▶ **Directions for this task**:
Once the line containing "Sefiross Relaxační koupelová" is reached, copy it and every line after it exactly, to the end of the material, without pictures.

(Information shown Opens)

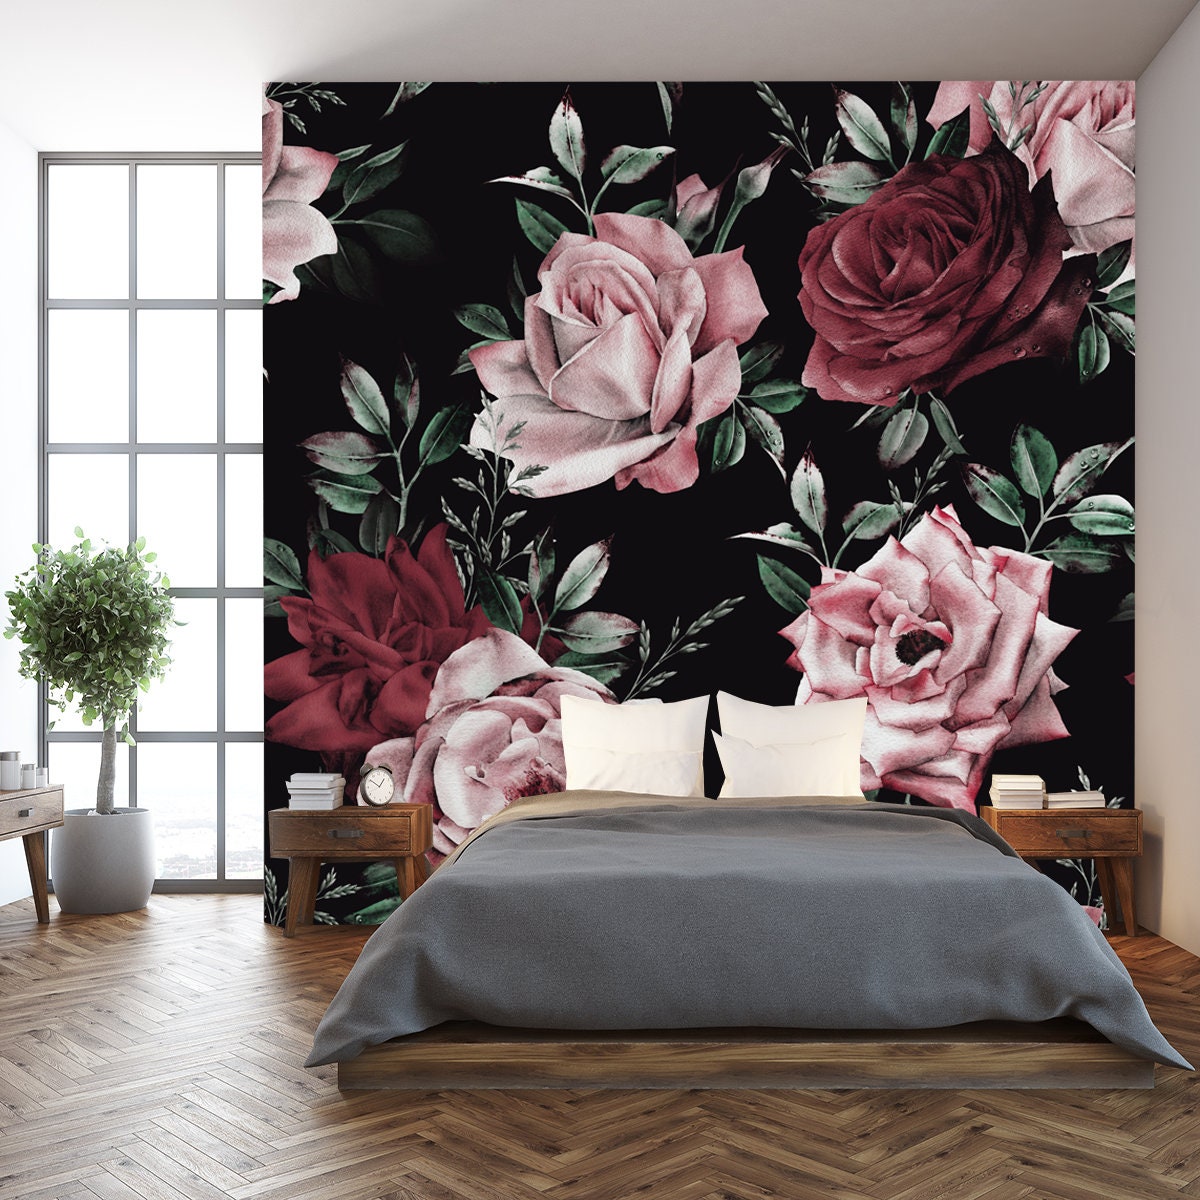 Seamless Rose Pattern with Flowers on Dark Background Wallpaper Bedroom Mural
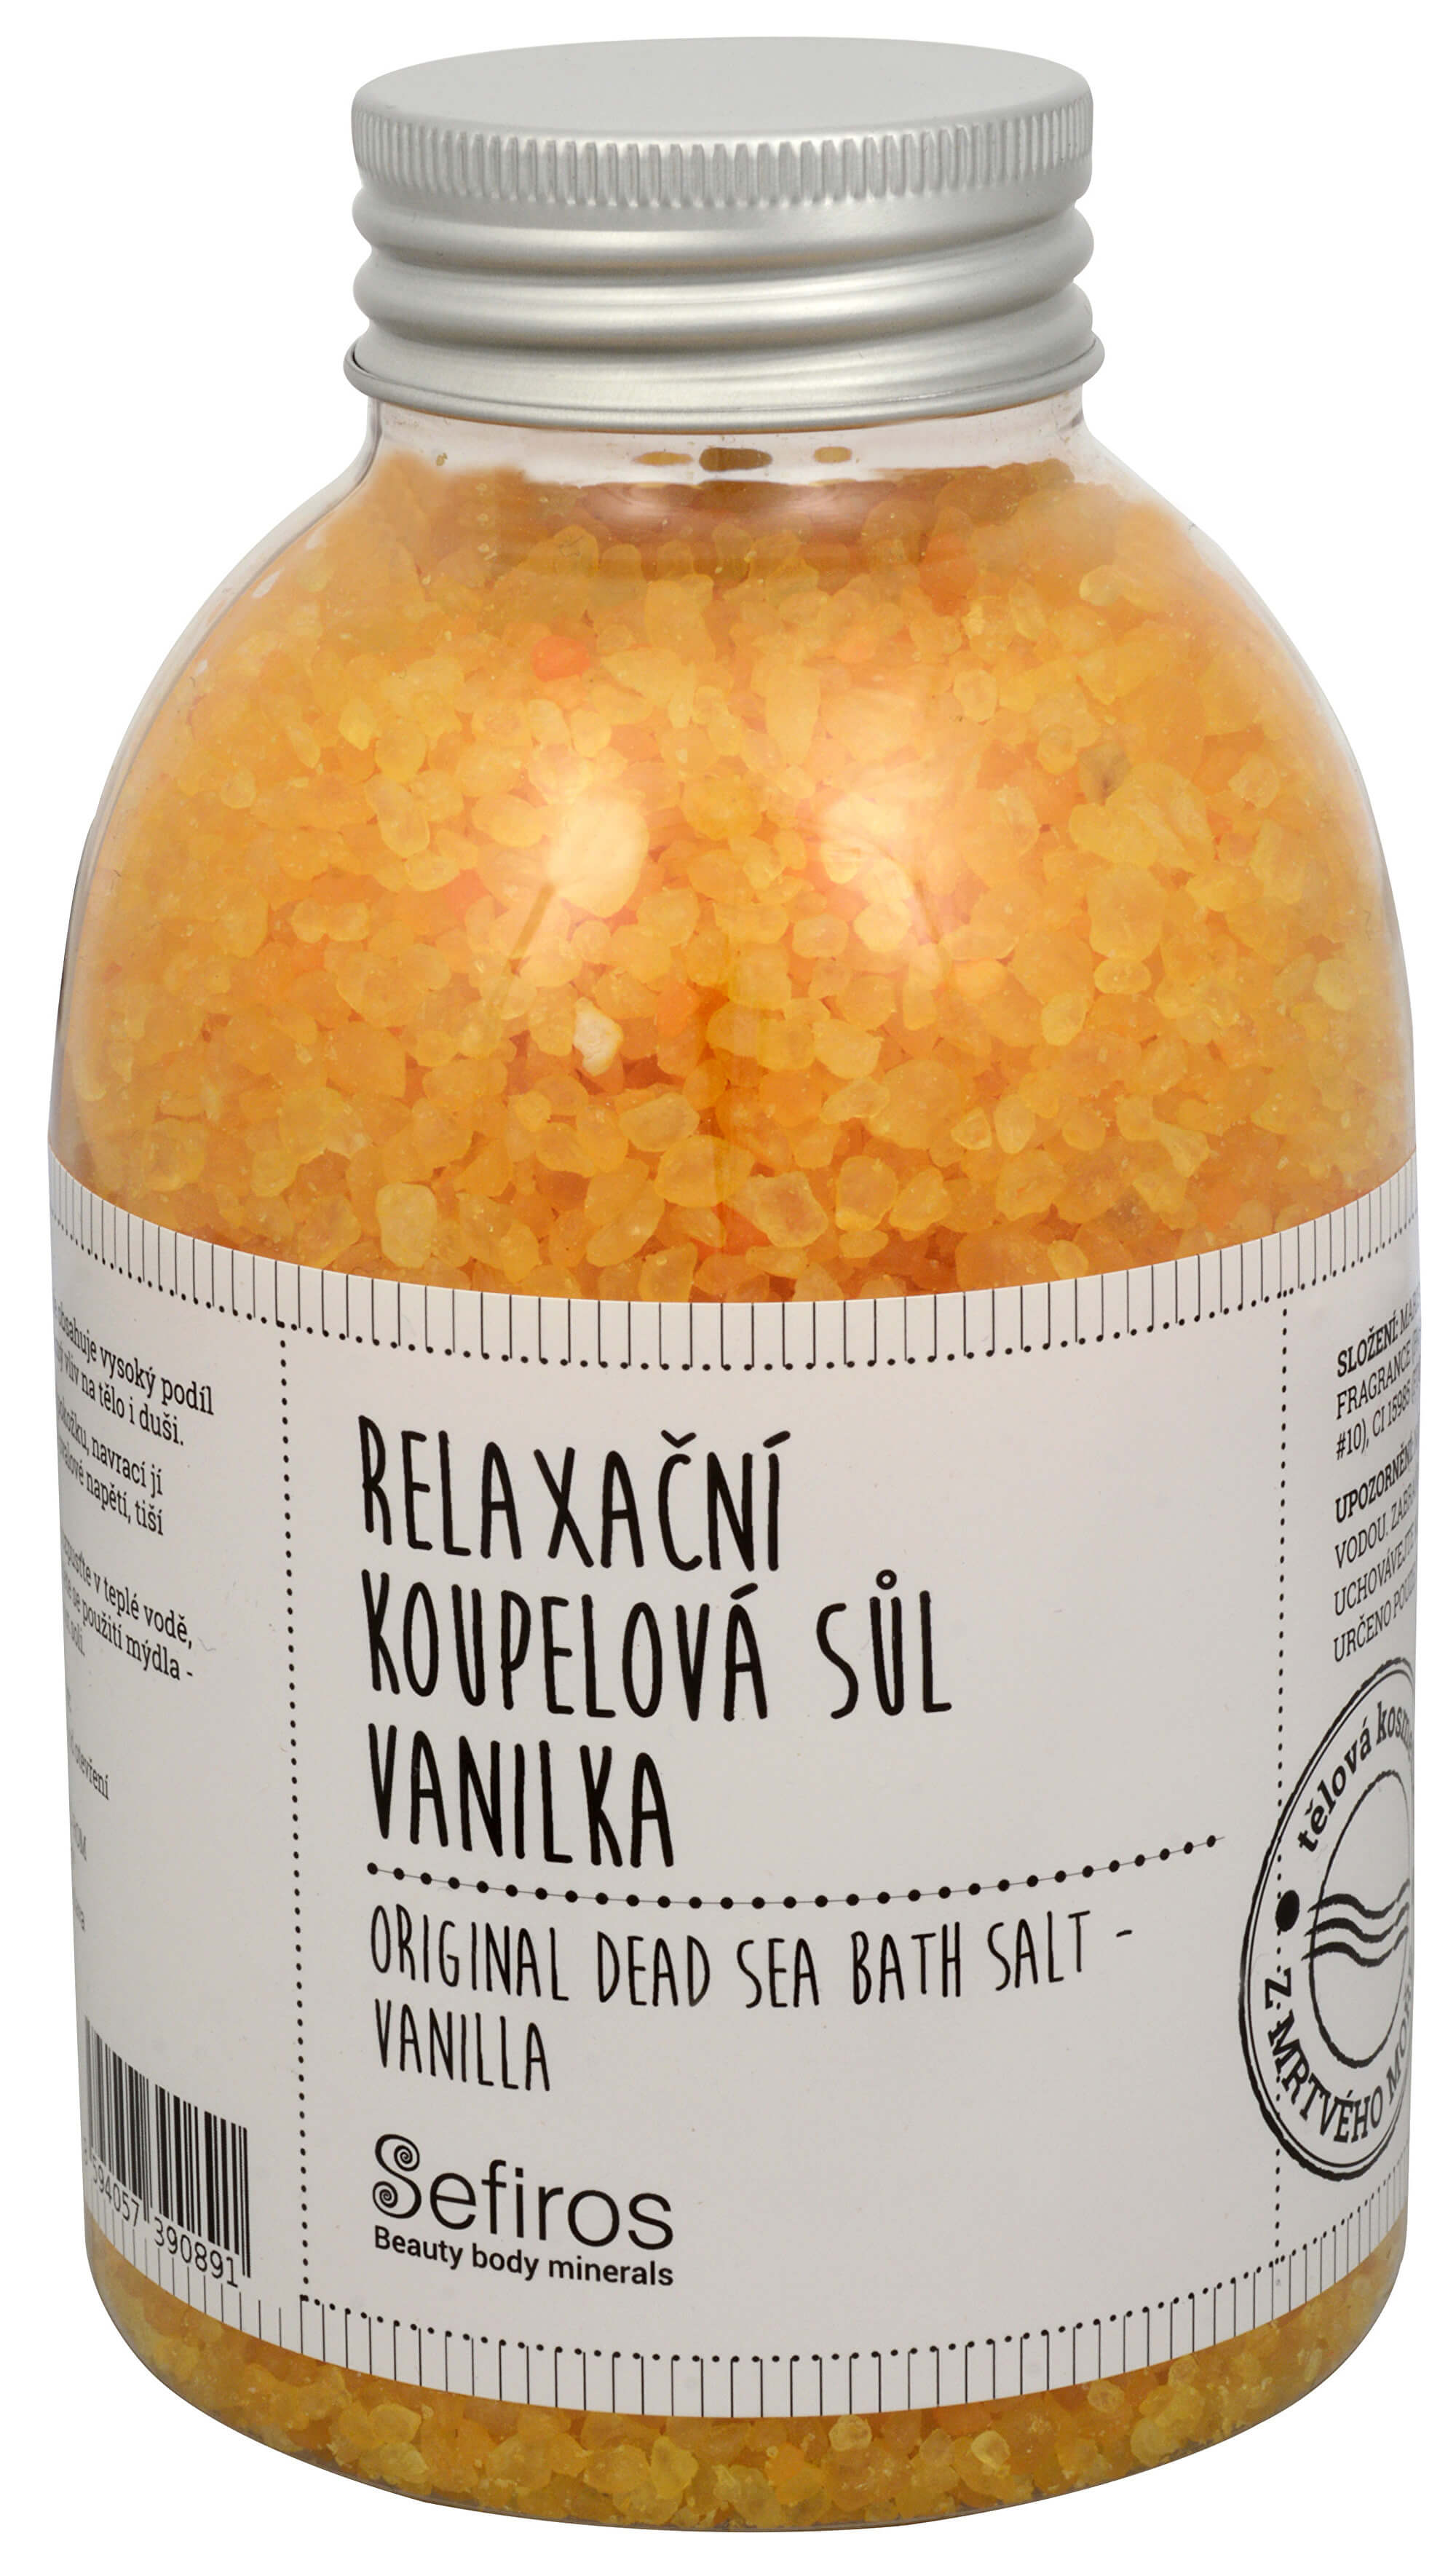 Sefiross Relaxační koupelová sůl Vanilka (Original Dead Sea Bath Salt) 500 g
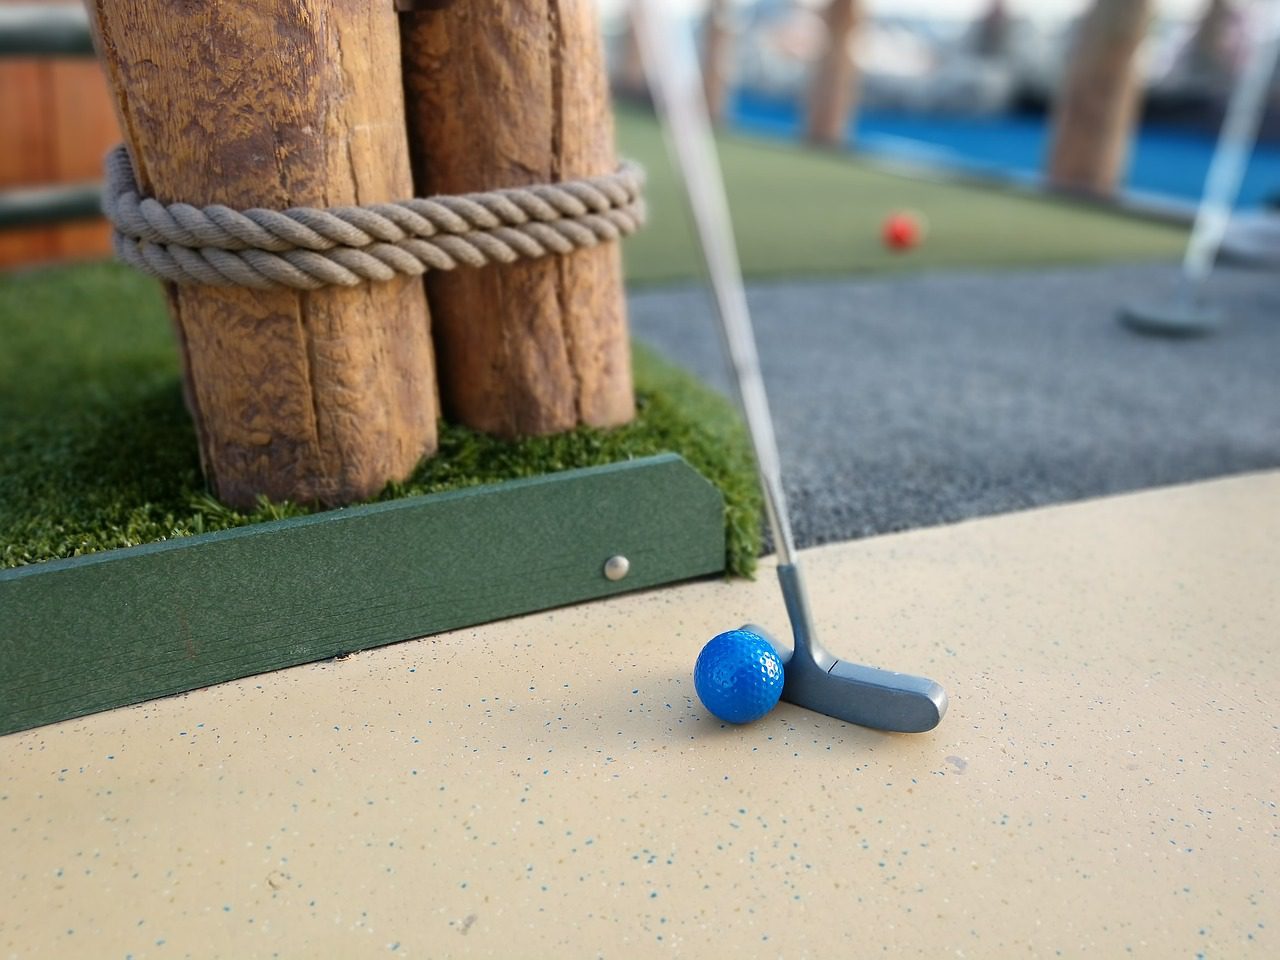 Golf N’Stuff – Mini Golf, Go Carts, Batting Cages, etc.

(Information shown Closes)

▶ **Output for this exercise**:
 Sefiross Relaxační koupelová sůl Vanilka (Original Dead Sea Bath Salt) 500 g
 Golf N’Stuff – Mini Golf, Go Carts, Batting Cages, etc.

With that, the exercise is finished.